Being the person they think I am, redux

Insert generic apologies for being away from the blog (depression/winter darkness/physical illness/mice in the roof above my flat/you know how it goes). Hopefully I’ll be more on course to post again soon; I still have so many half-drafted posts and things I want to talk about!

But in the meantime, a quick anecdote — along the lines of being who my conversation partners think I am:

Today I had one of my regular Skype conversation exchanges. We spent some time discussing job interviews — both he and I happened to have two in the past week. (Mine were for positions in countries where my target languages would be useful, go me!) And I said something like, “Oh, maybe over the next year I can work harder on getting my French and German up, because it’d be really useful to be able to pass the B2 exam for both of them [in terms of being eligible for more jobs], but… that’s probably not going to happen.”

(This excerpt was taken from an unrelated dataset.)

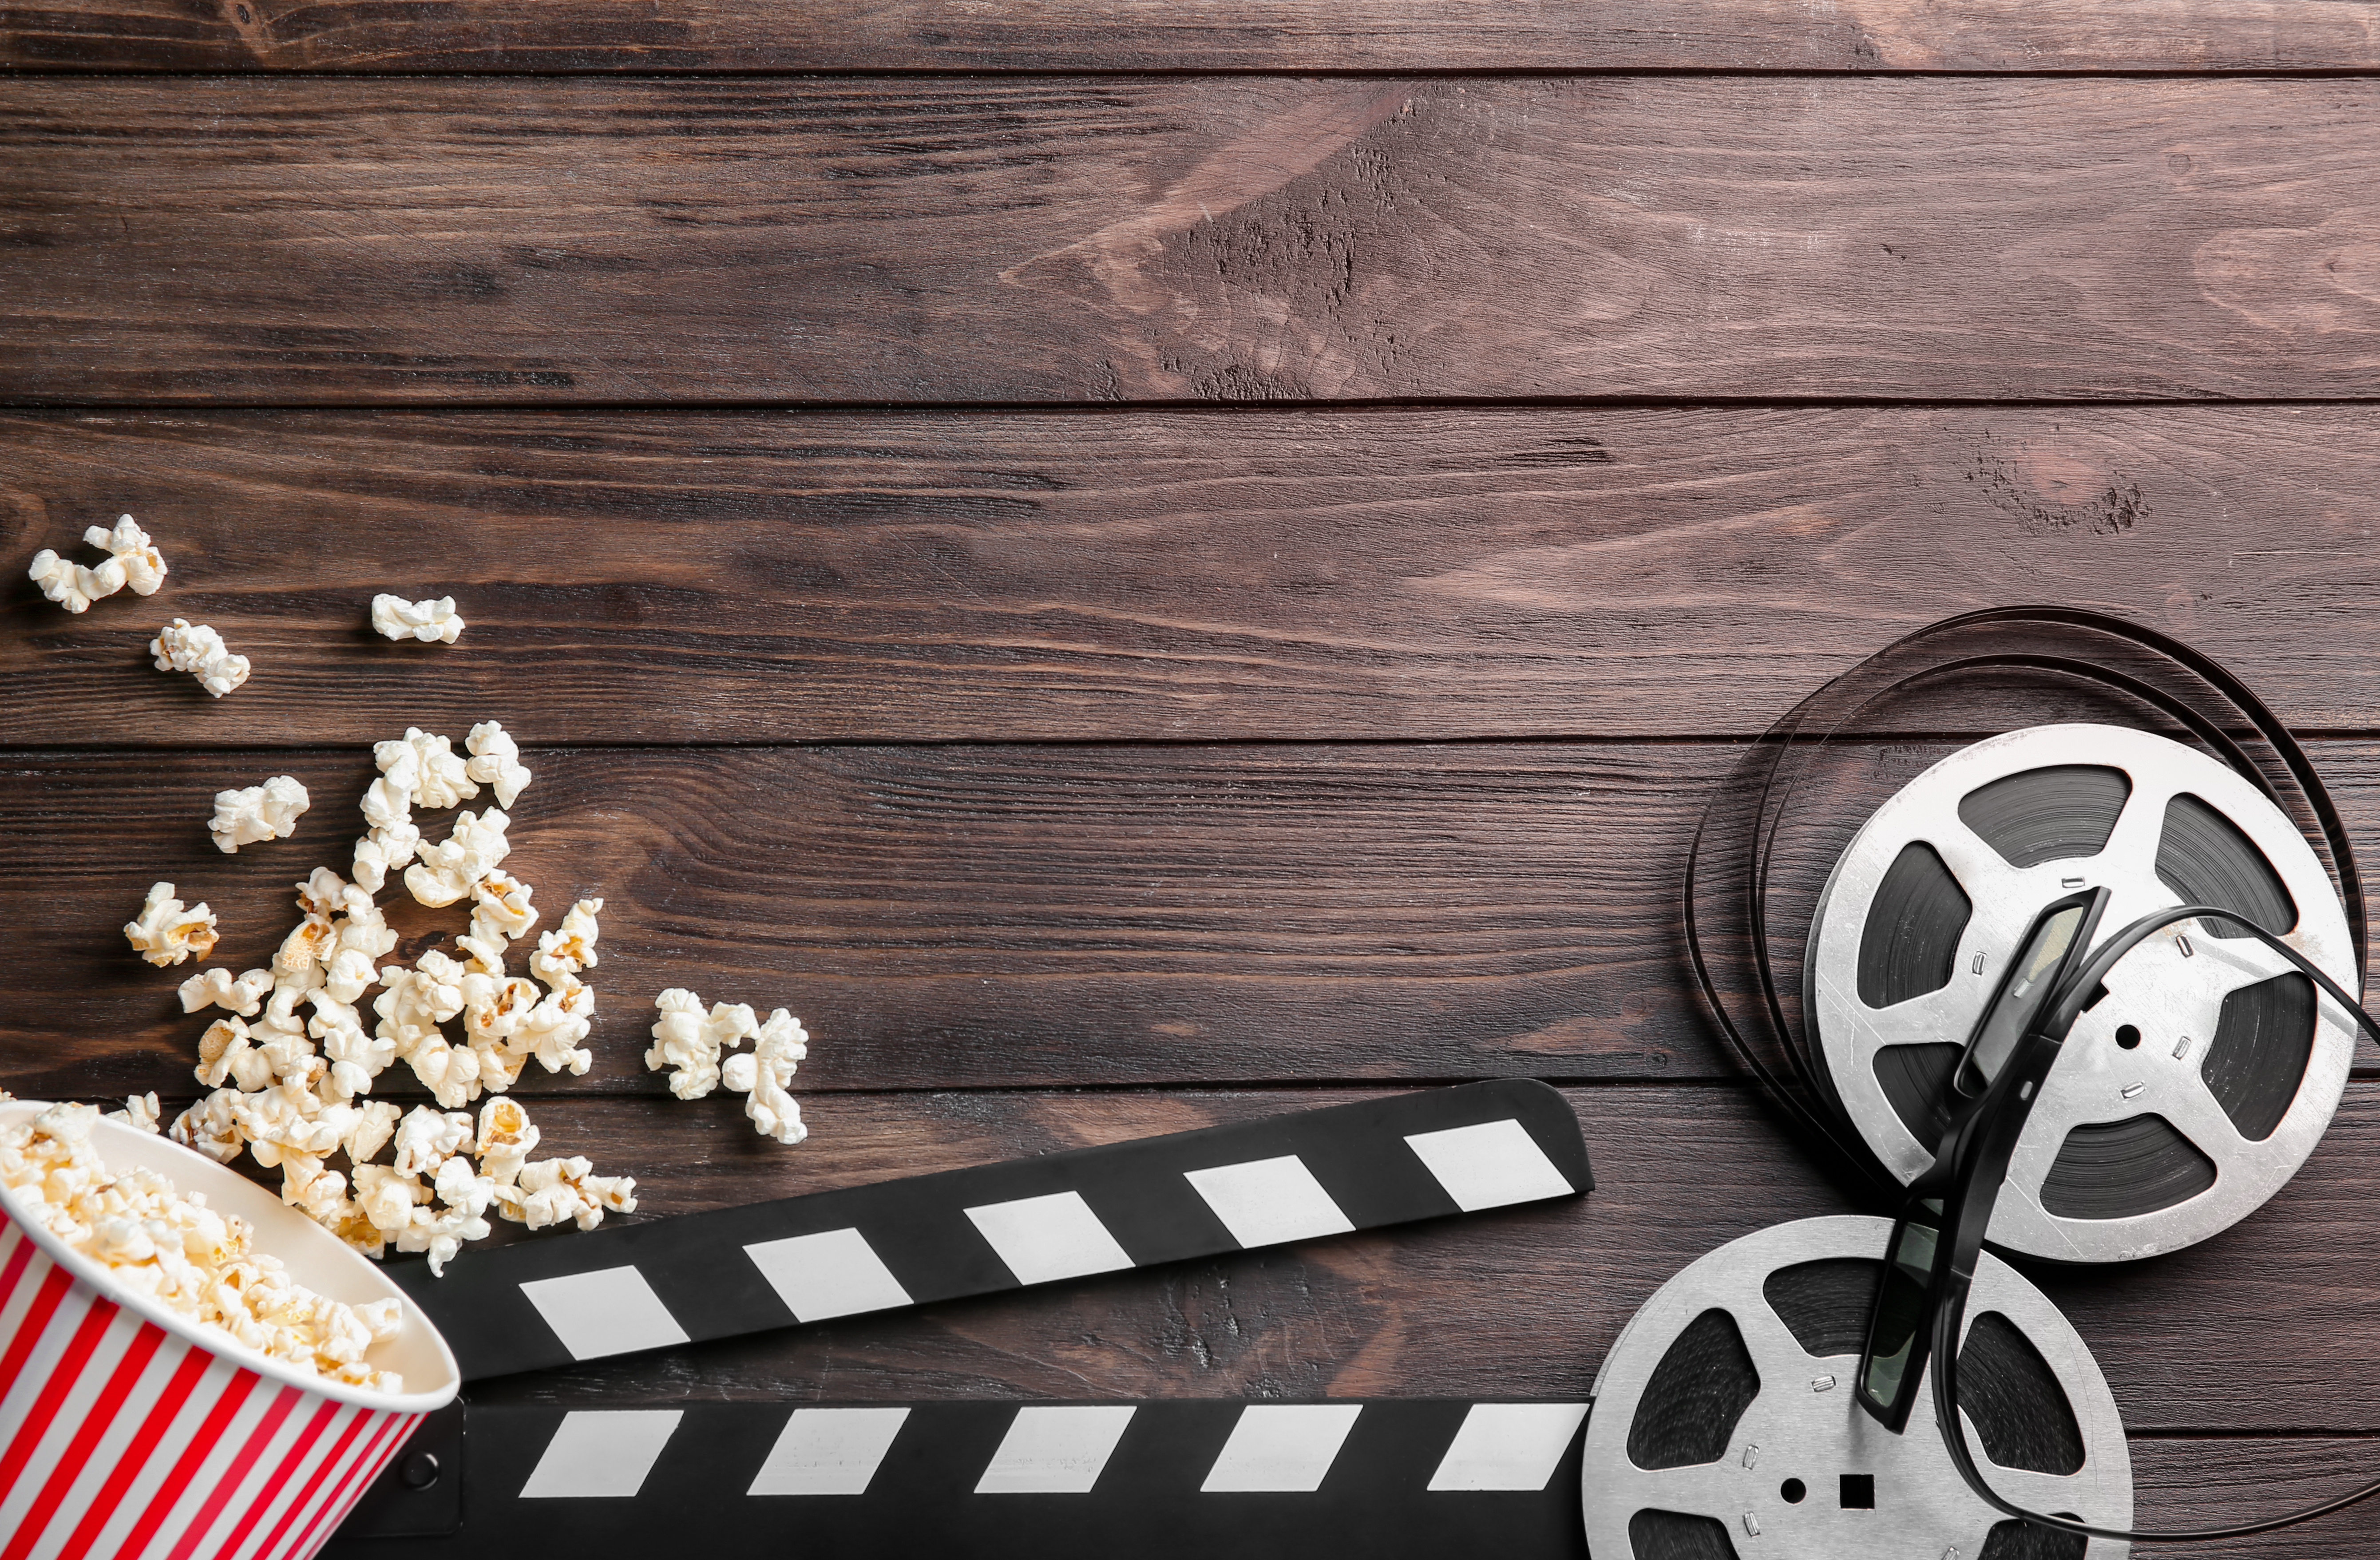 image of popcorn and filmmaking item against wood planks 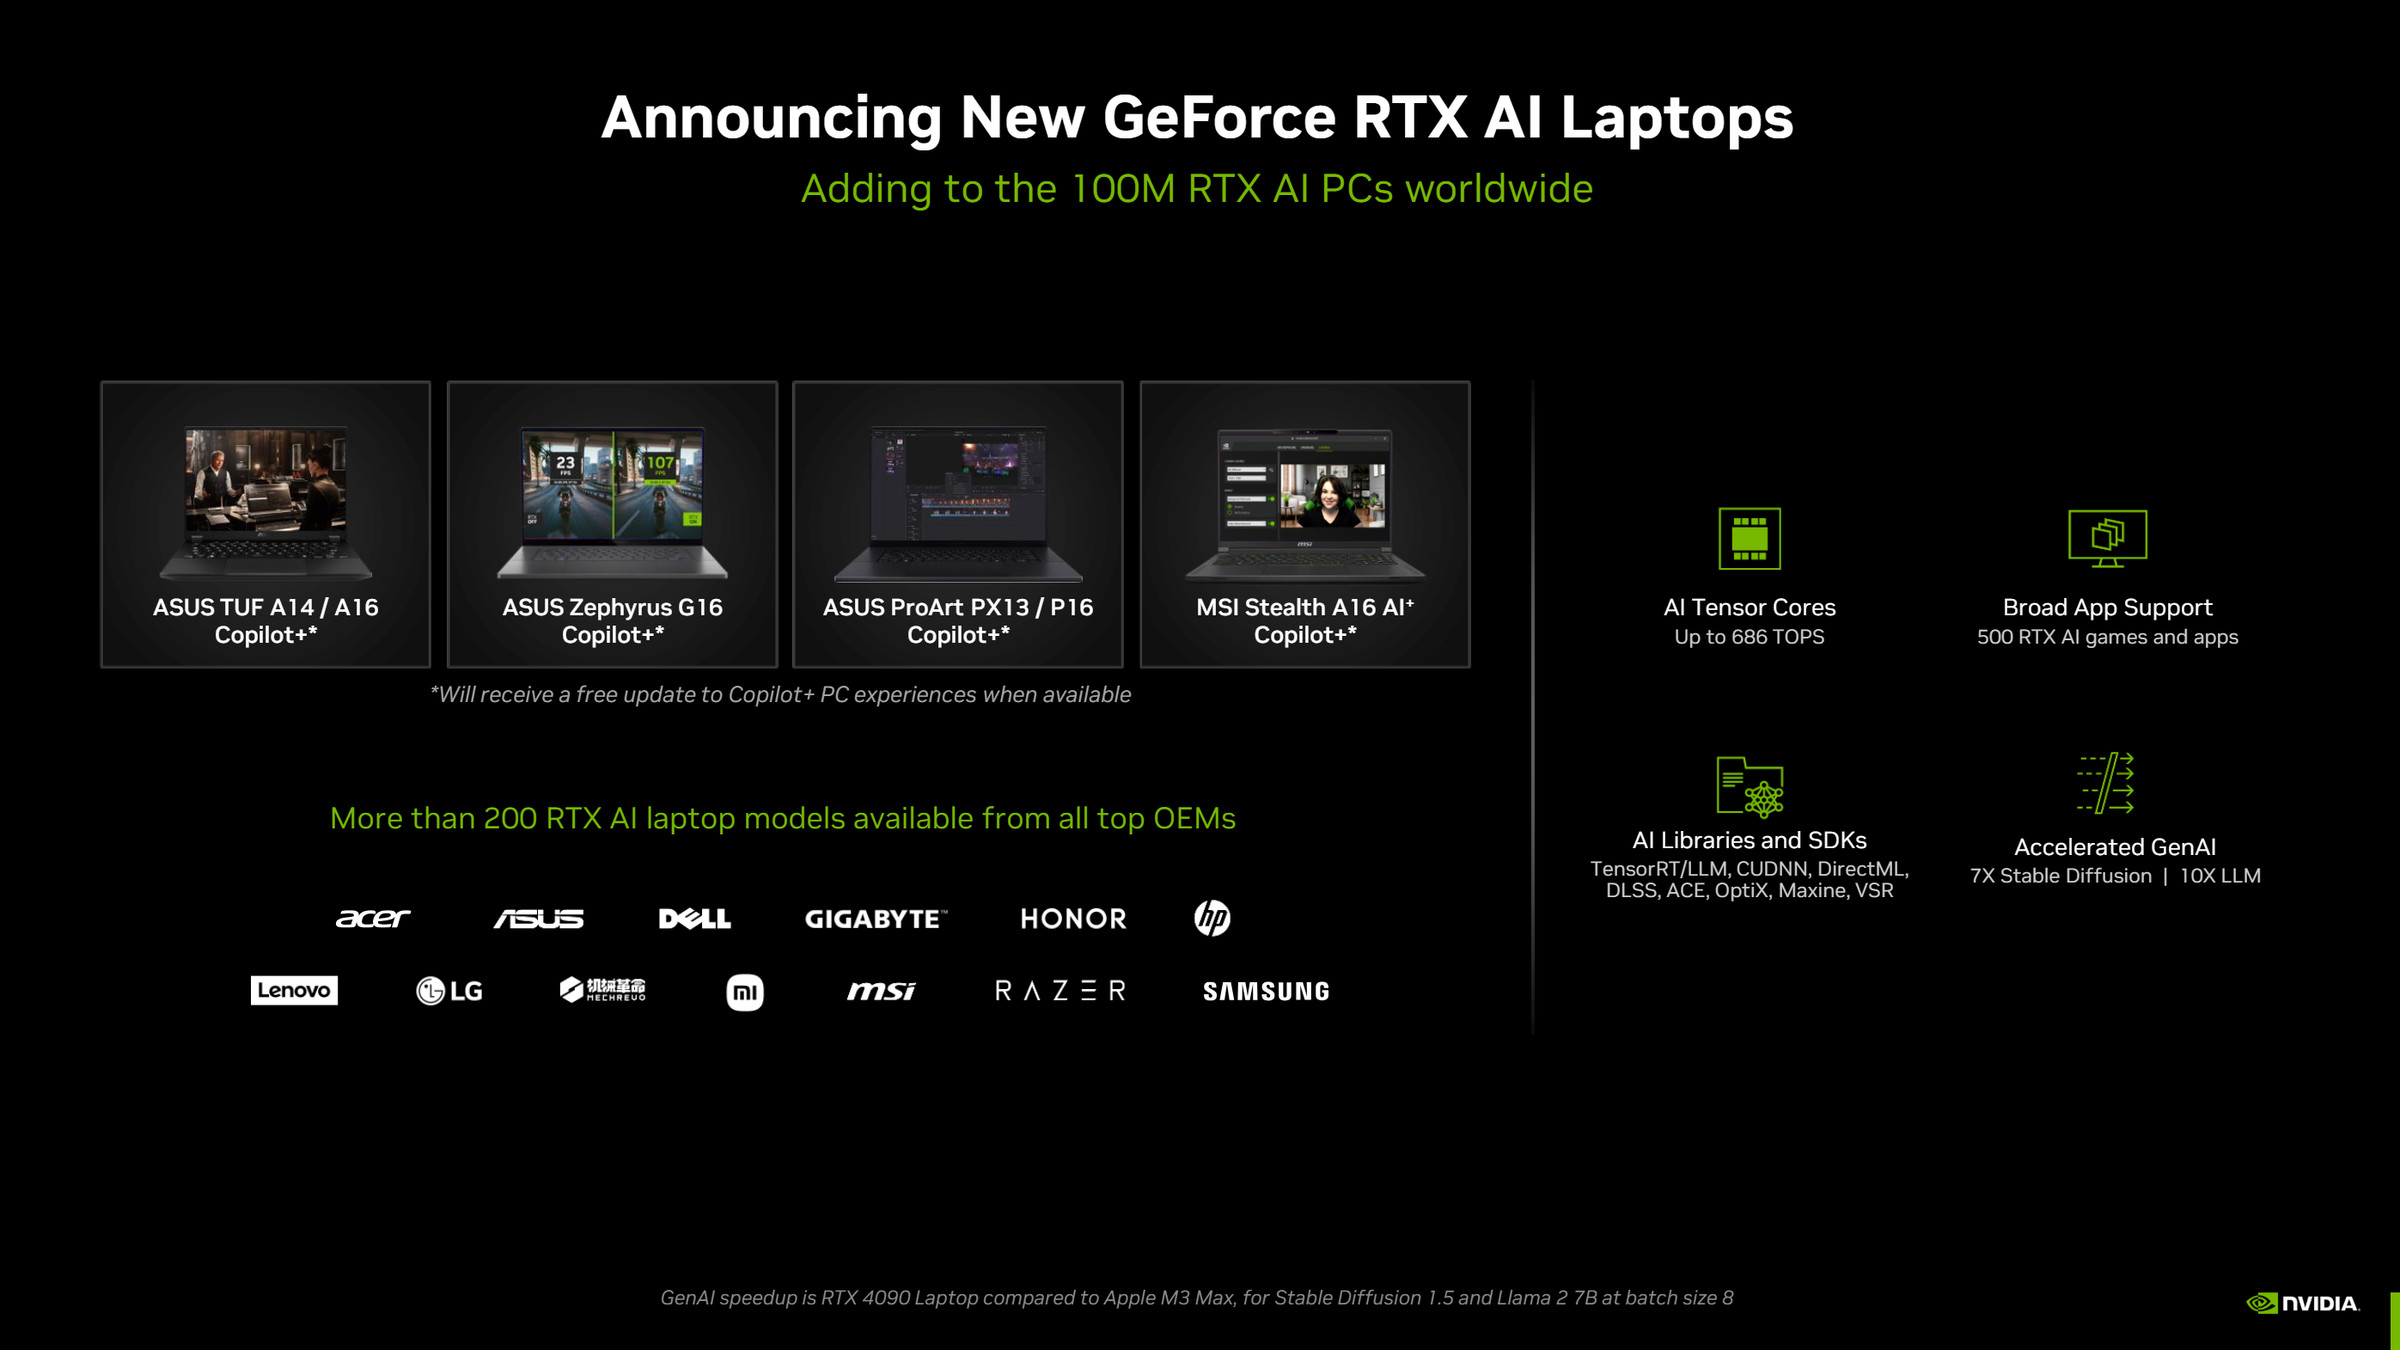 Nvidias RTX AI laptops with Copilot Plus features are coming soon

(Self-denigration as reflex: I feel like a lot of this stems from depression but also it’s me living in England, where people deprecate themselves as a matter of course.)

And he said, casual as anything, “Why not? Why wouldn’t that happen?” As if he had no reason to assume that I wouldn’t be able to do it. Of course he doesn’t know about how depression and anxiety grinds me down and keeps me from doing a tenth of what I like to imagine I might do otherwise. But, you know, we’ve been practicing my German together for probably six or eight months at this point — and he’s said a few times that he’s noticed great improvement.

So why not, right? Why can’t I be the person he thinks I am, that would be able to pass that B2 exam? Why can’t I act like that person?

Treat yourself like one of your conversation exchange partners

There’s that old chestnut about treating yourself with the same understanding and kindness that you extend to your friends, instead of being hyper-critical and impatient.

I said the other day that I try to be who my conversation exchange partners think I am. It occurs to me that I should treat myself like I treat them as well. Maybe you should too, if you don’t already! I bet you’ve never said to the other person, “Dummy! I’ve told you that word three times already, why don’t you ever remember it?” or “How do you ever expect to learn this language if you don’t go any faster???” or “You’ve studied this tense over and over, why can’t you use it right yet?” or “Do you really think you can do this?”

I bet, like me, you’re more likely to celebrate their small frequent successes — like when you see them struggle with a grammar point and then manage to get the words out correctly — and help them figure out how to keep improving in a way that works for them. It feels wonderful to be on the receiving end of this sort of thing, too: I’ve had people make a point to tell me how much I’d improved after we’d been speaking for a few weeks, for example.

What if I spent less time castigating myself (for not studying “enough,” for not learning as fast as I wish I was) and was able to redirect that energy to patience and compassion and gentle encouragement? What if you did?